Each line below is to be repeated exactly; any picture is to be left out.

SOURCE MATERIAL ::
* * * * * * *

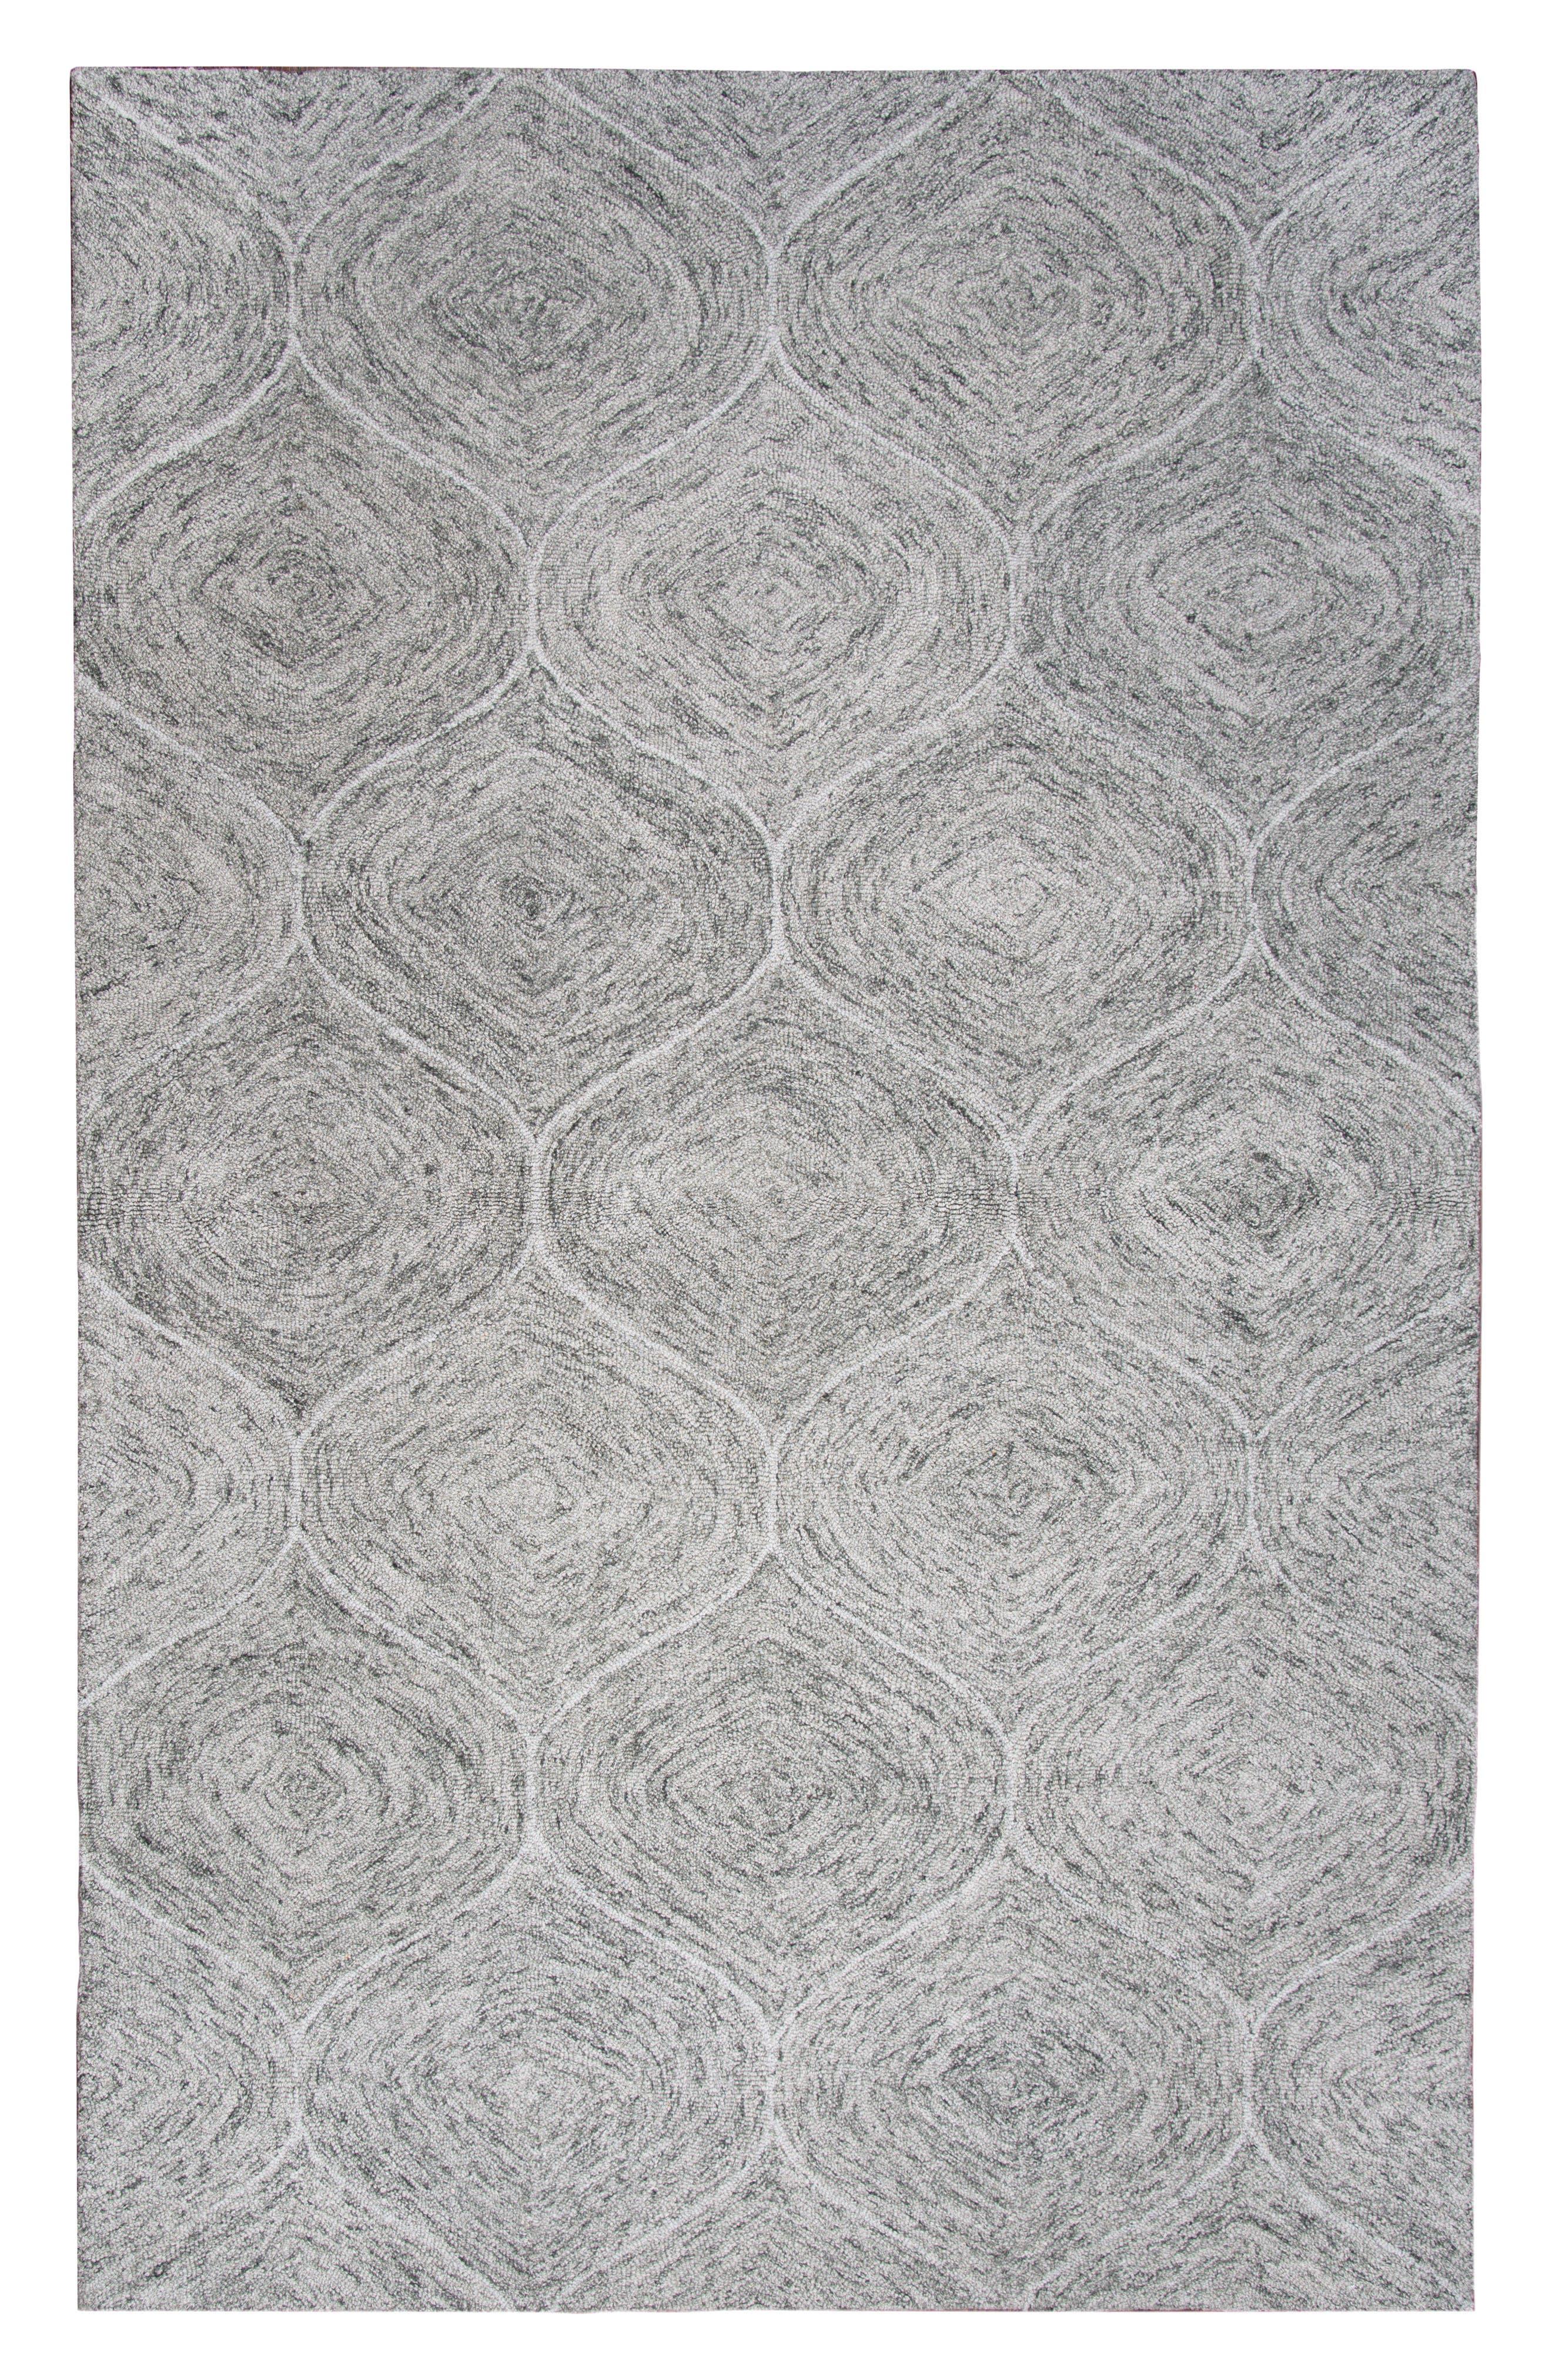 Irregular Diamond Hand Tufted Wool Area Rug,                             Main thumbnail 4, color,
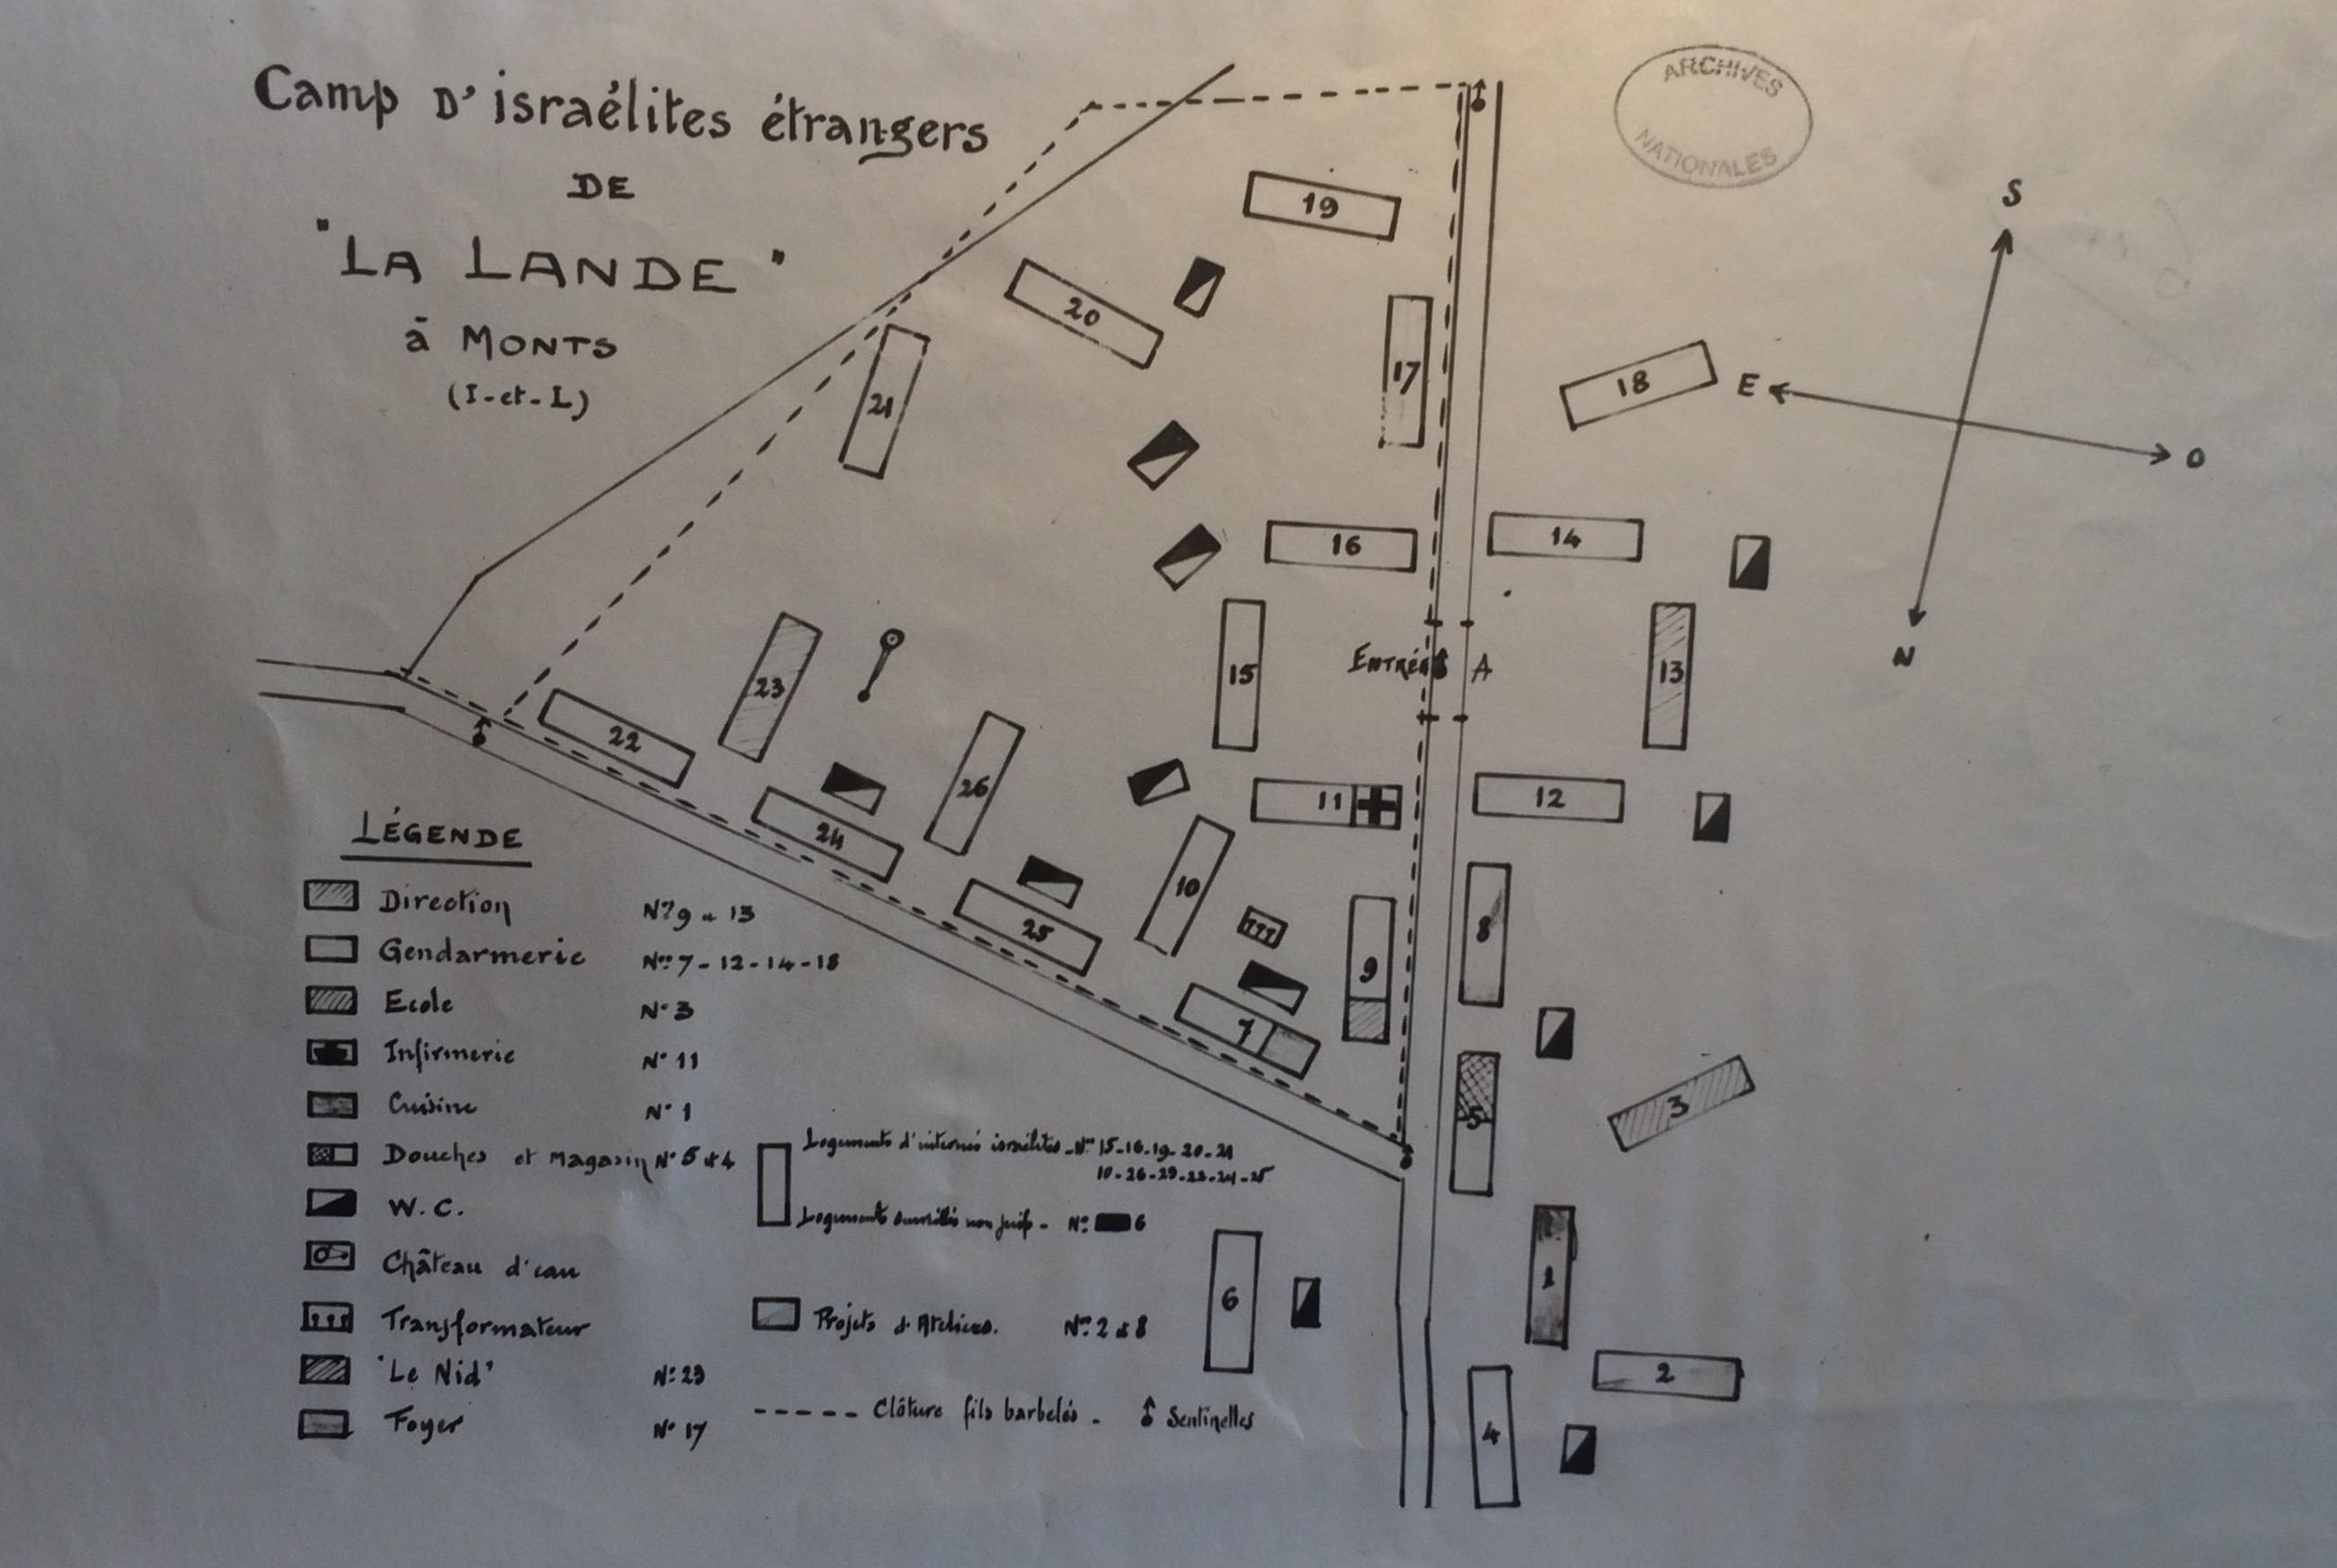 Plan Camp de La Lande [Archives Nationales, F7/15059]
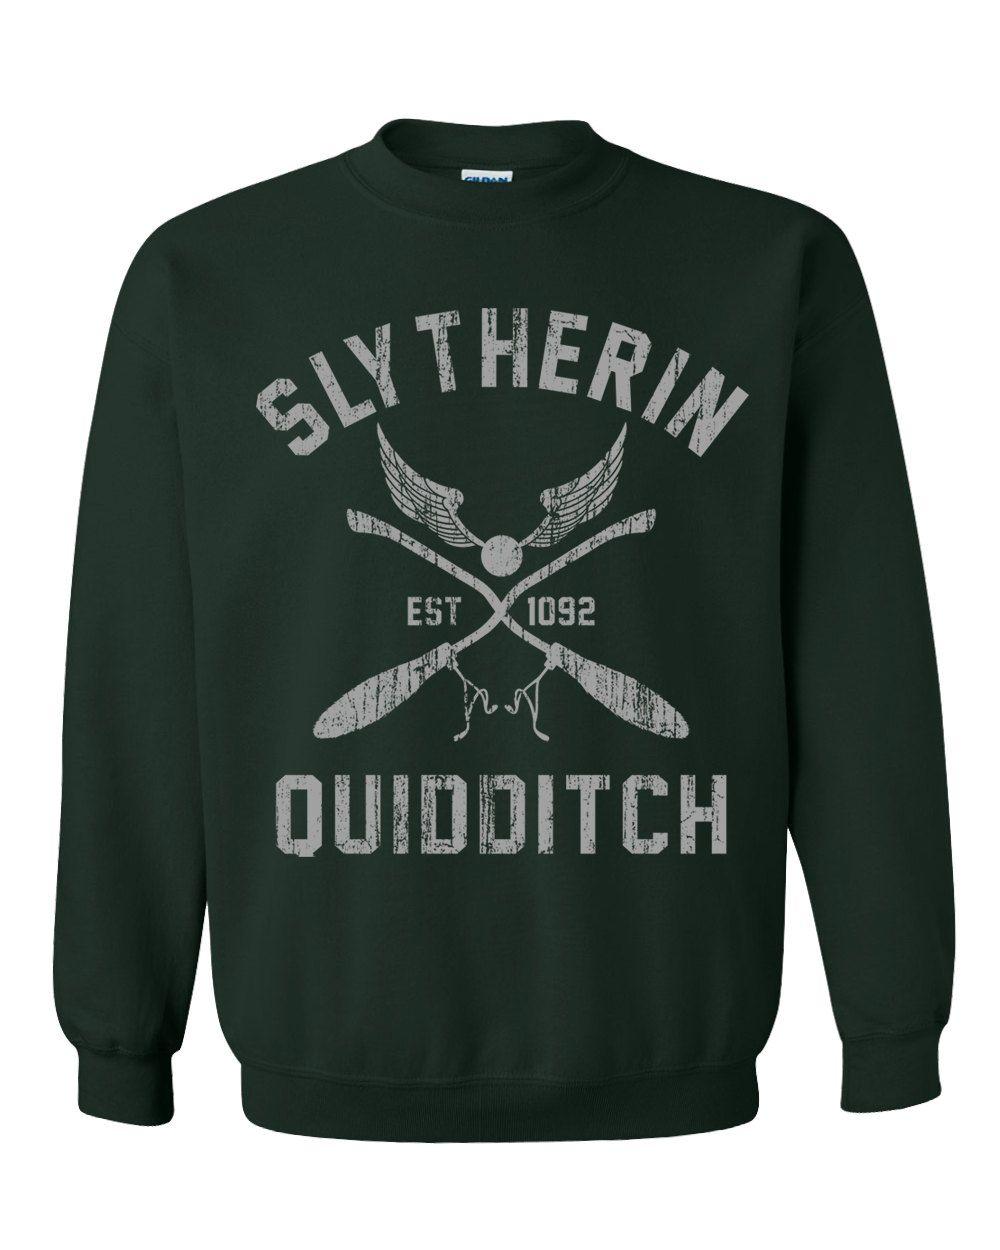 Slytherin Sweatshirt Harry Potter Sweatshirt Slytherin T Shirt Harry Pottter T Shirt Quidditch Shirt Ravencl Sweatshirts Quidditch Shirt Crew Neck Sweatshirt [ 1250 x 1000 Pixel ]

* * * * * * *

ANSWER SPACE ::
 Irregular Diamond Hand Tufted Wool Area Rug,                             Main thumbnail 4, color,
 Plan Camp de La Lande [Archives Nationales, F7/15059]
 Slytherin Sweatshirt Harry Potter Sweatshirt Slytherin T Shirt Harry Pottter T Shirt Quidditch Shirt Ravencl Sweatshirts Quidditch Shirt Crew Neck Sweatshirt [ 1250 x 1000 Pixel ]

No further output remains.